- _Given information_:

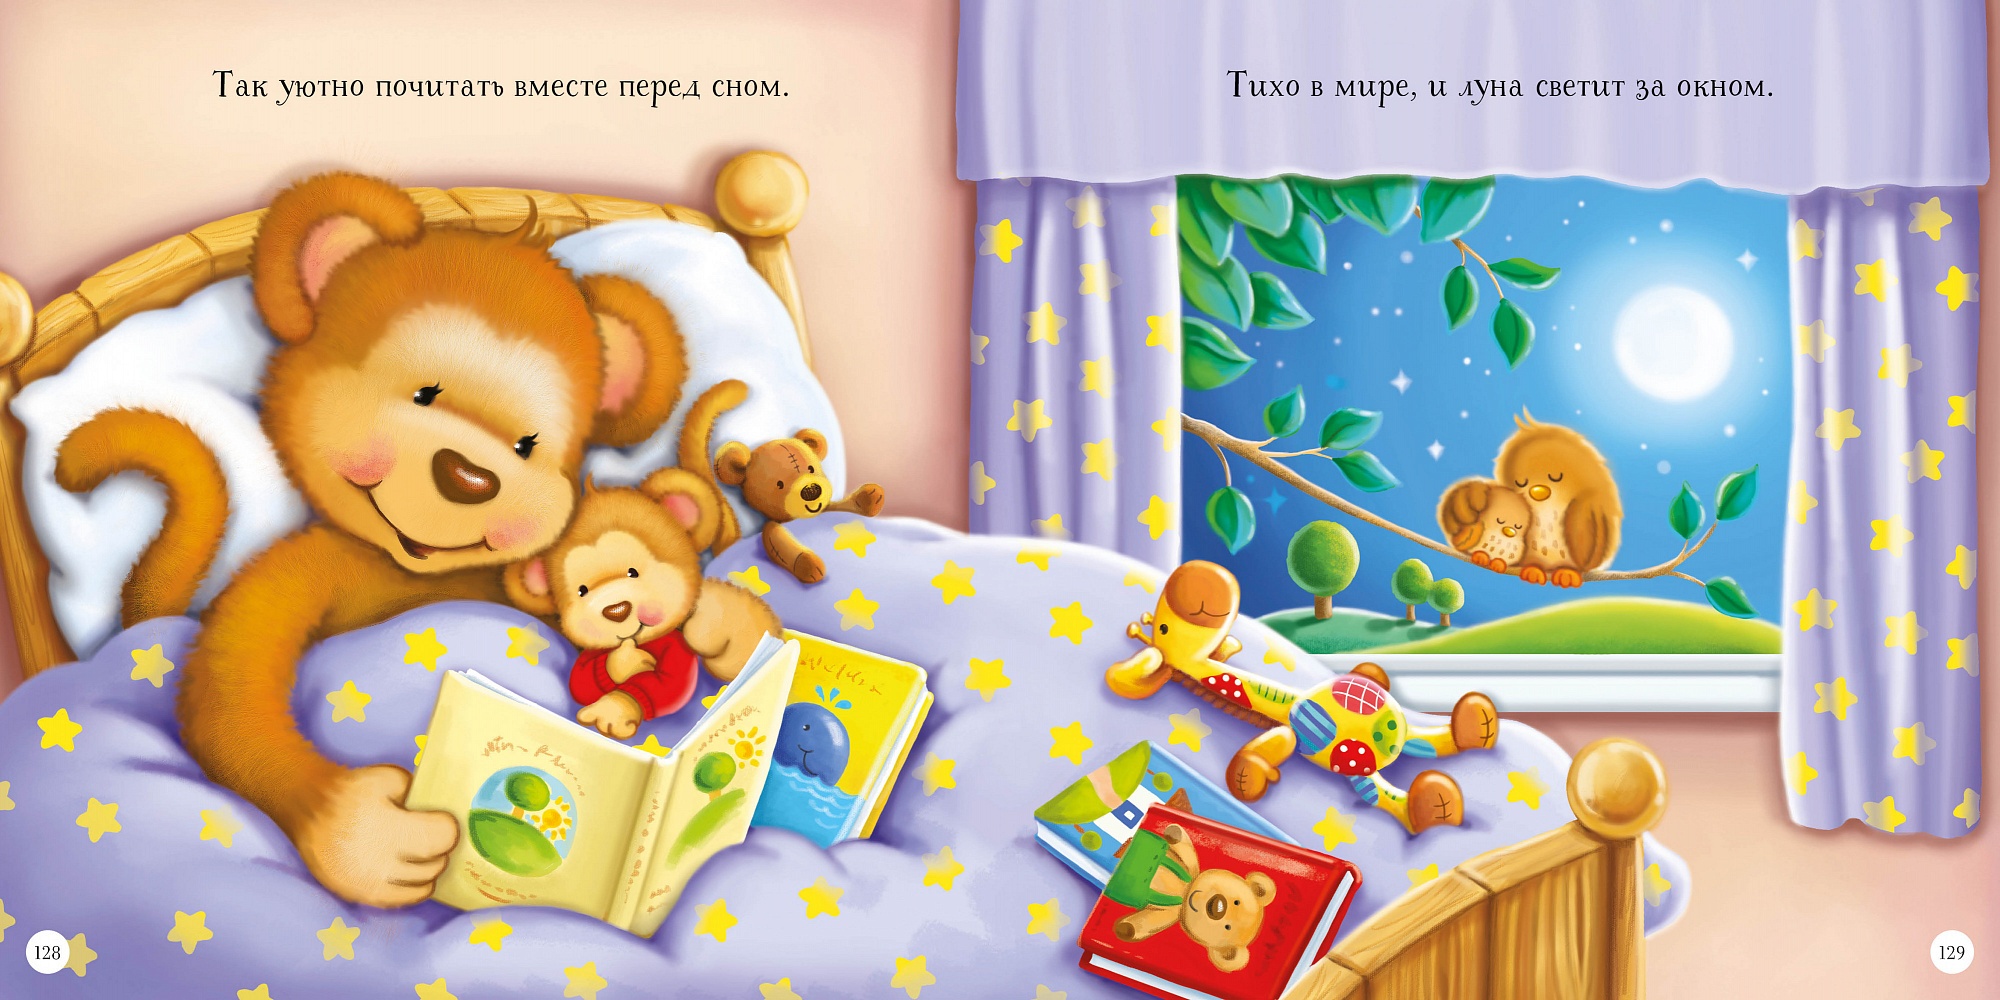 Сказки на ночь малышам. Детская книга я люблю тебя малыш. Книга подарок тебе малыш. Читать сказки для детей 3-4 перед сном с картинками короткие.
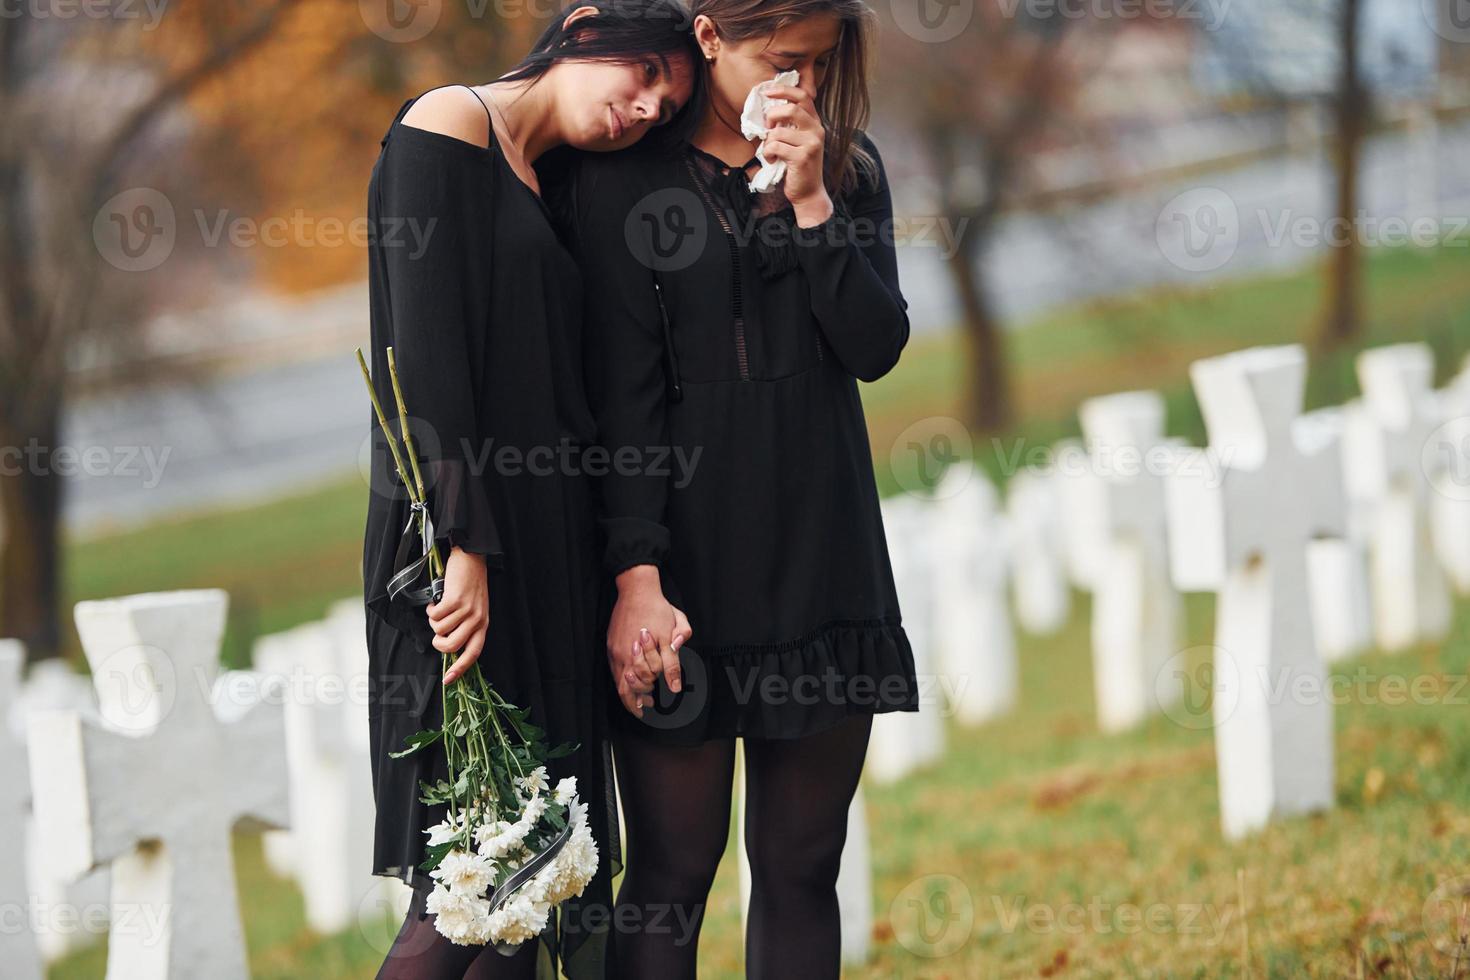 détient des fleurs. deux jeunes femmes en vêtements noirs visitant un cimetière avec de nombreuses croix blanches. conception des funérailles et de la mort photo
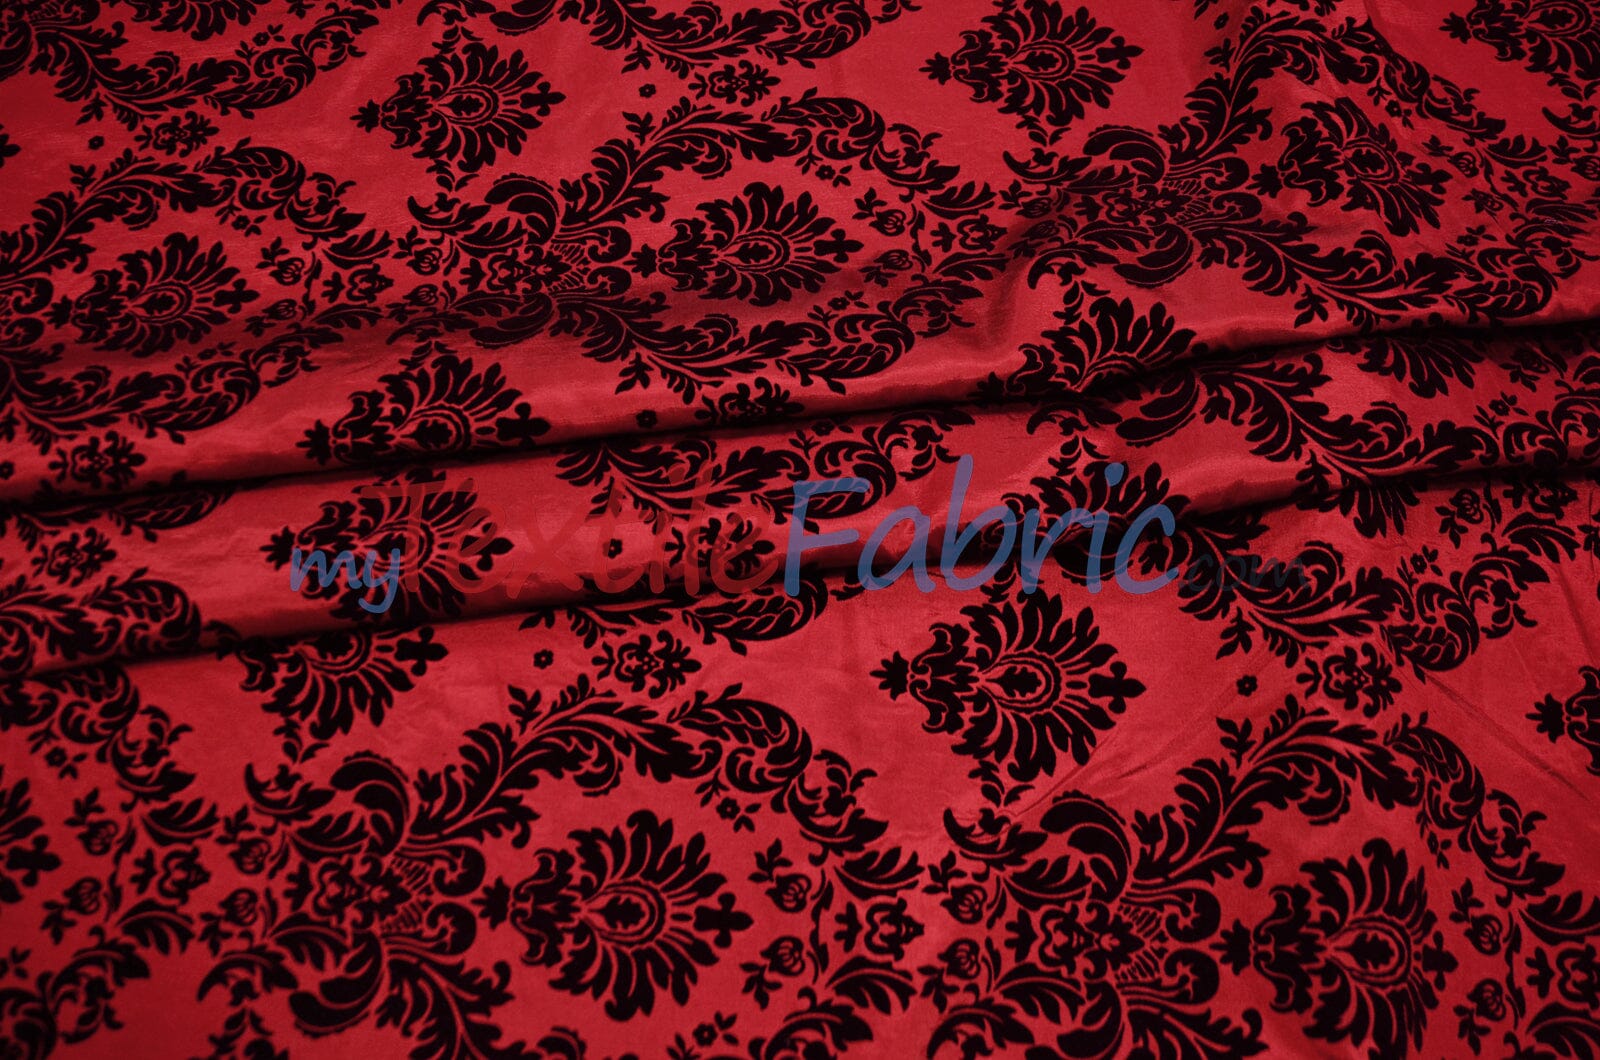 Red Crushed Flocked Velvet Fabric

- _Work instruction_:
Everything in the listing should be copied exactly, apart from the images it holds.

- _Exercise solution_:
 Сказки на ночь малышам. Детская книга я люблю тебя малыш. Книга подарок тебе малыш. Читать сказки для детей 3-4 перед сном с картинками короткие.
 détient des fleurs. deux jeunes femmes en vêtements noirs visitant un cimetière avec de nombreuses croix blanches. conception des funérailles et de la mort photo
 Red Crushed Flocked Velvet Fabric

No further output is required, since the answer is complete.